The race in Las Vegas was supposed to be the highlight of Oscar’s 2012 season. To finish up his preparation for the event he journeyed from his residence in Brazil back to his home nation of Argentina. Close to Cordoba is what Oscar calls home. Once the kids are on holidays the whole family heads down south. But the last vacation in the countryside changed the whole season.
It began with Oscar's 16-year old son Thomas. Thomas was heading out for his daily bike training and when Oscar got out an hour later he noticed a crash up the road. As he came closer to the accident he could see that a bike rider was involved and a couple of seconds later he recognized his own son. "Everybody can picture that this was one of the worst moments of my life." An ambulance was already at the scene when he arrived. "My son was lying beside the road with medical attention. The car looked pretty bad so I thought the worst thinkable." The doctors calmed down the shocked father. Thomas did not suffer major injuries and after a couple of days in the hospital he was already feeling better. Now he only has smiles when he talks about the crash. "It is ok now, the wound though heals slowly," Thomas states. Training cannot wait. He already is back to normal. The DNA of his father is clearly present.
Bad luck hits twice they say and just a couple of days after the crash of his son, Oscar's end of the season came in form of a truck. As that truck passed him while Oscar was on the bike, an overhanging piece of wood knocked him off the street. "I couldn’t do anything. It was a shock. When I was lying on the side of the road I realized that this is something severe." The vehicle did not stop and rushed on. He tried to look up to recognize the number plate of the truck but couldn’t tell anything. Lucky enough a car watched the accident and the truck driver was eventually caught by the police. "I was training pretty well. All the workouts leading to Las Vegas went fine. I gained back some speed and then this happens.” Upset and helpless - season over.
"Swimming and easy biking is all I can do at the moment. I am forced to take it easy." Sitting on the sofa and watching last weekend's live stream is not the preferred activity for someone of Oscar's caliber. "Four to five times a week I see my physiotherapist. It helps a lot and I have to do it to get back fast." Witnessing how focused Oscar works out with his therapist you know why he still is going strong, even at age 41.
A book he grabs looks time worn.

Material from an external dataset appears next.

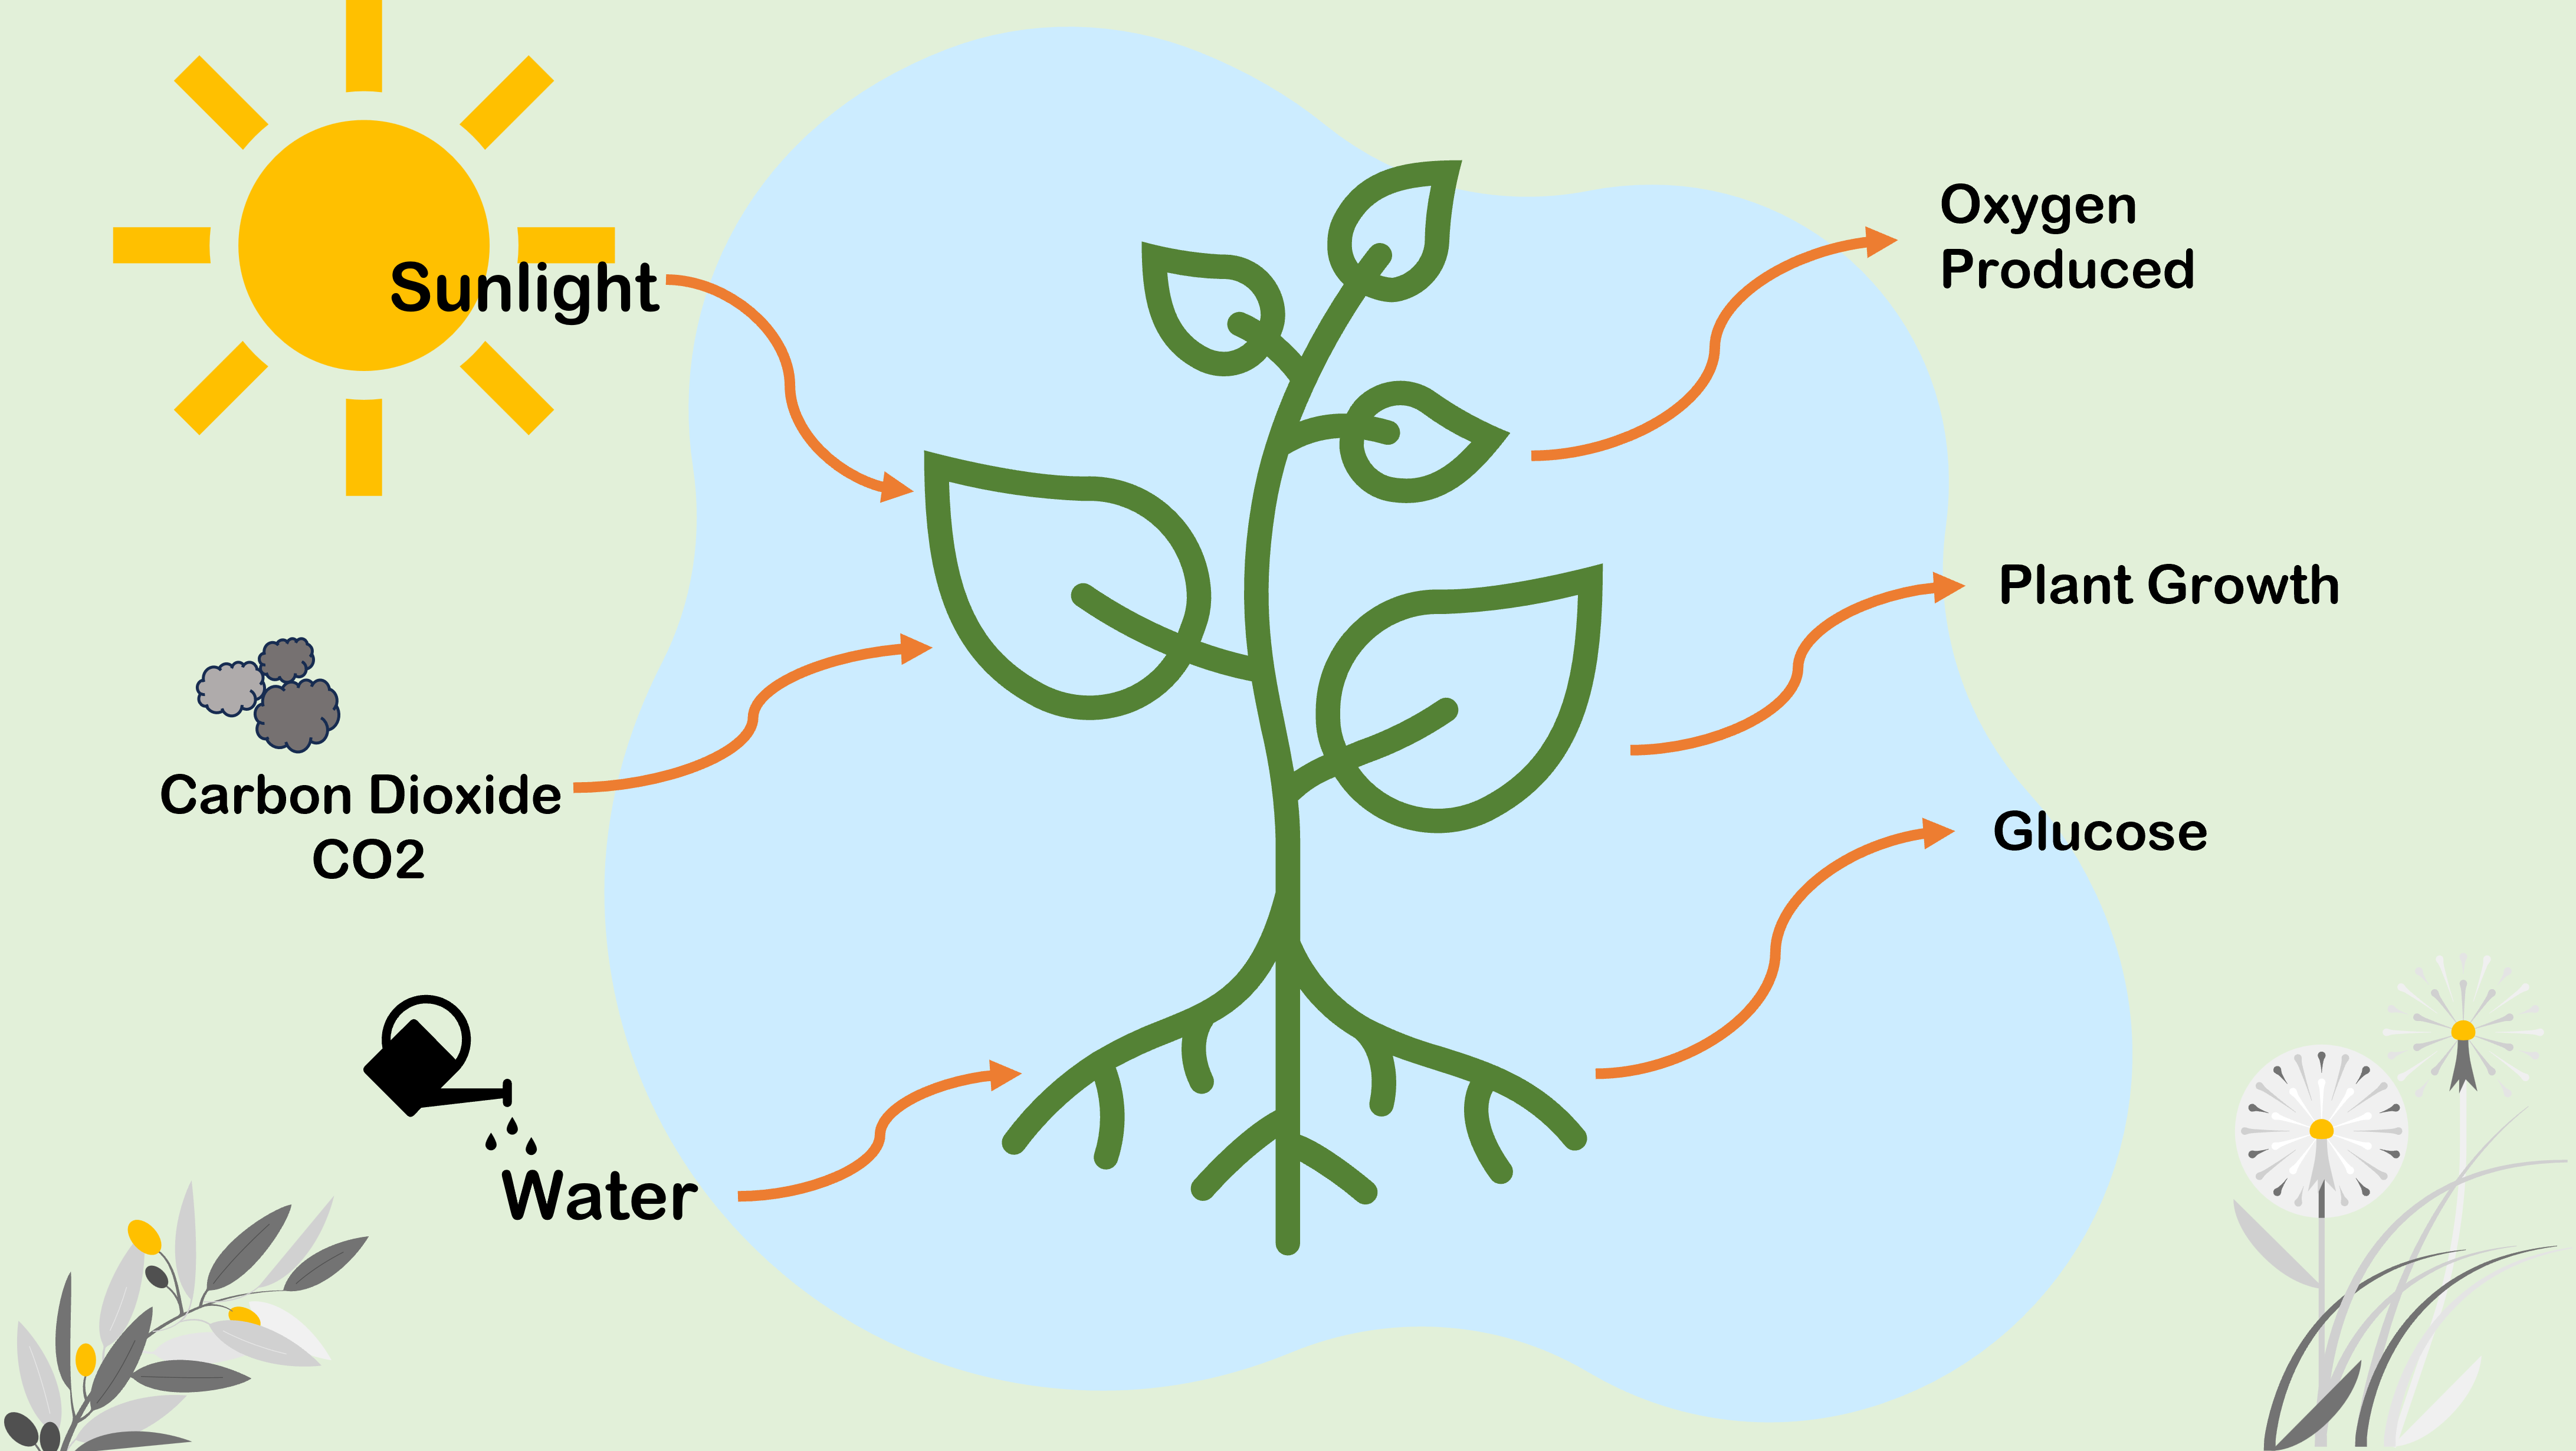 Figure 1 - The process of photosynthesis

He opens it with a smile. "Look. This is my training log from 1989." Since that year he monitors his training and racing. A journey through all the books is a journey to a major part of Oscar’s life. "It is crazy. When I see stuff like this I can only shake my head in disbelieve." He points out heavyweight training weeks and racing weekend after weekend. On a continent where distances are enormous, his 'rest days' are the travel days. "I raced the middle distance race in Pucon in Chile. After that race I toured across the continent to race Olympic Distance in Entre Rios in Argentina the next weekend. Wild!" He smiles conscious that this was the 'old-school' way of doing things. Various photos fall out if the files and old training procedures from his coach. Oscar stares at them and shares memories of good and bad races.
It is unusual to meet a legend of this reasonably young sport that still is active at the premier level. This season began well for Oscar as he raced to 8th place in the loaded 70.3 competition in Panama. "After the swim people told me I’m down 1.5 minutes. When I jumped on my bike my legs felt good and I could push." He managed to catch up with the leaders and got the fastest bike split in a race that featured the likes of Lance Armstrong, Rasmus Henning and Chris Lieto. Knowing that long distance racing slowed him down, the focus for the forthcoming season is to gain back speed with short distance racing.
Listening to an athlete approaching his 27th season you can still see the excitement in his eyes. And it all comes back to his wife Lisa as Oscar will try and try and never give up. Until he gets what he wants!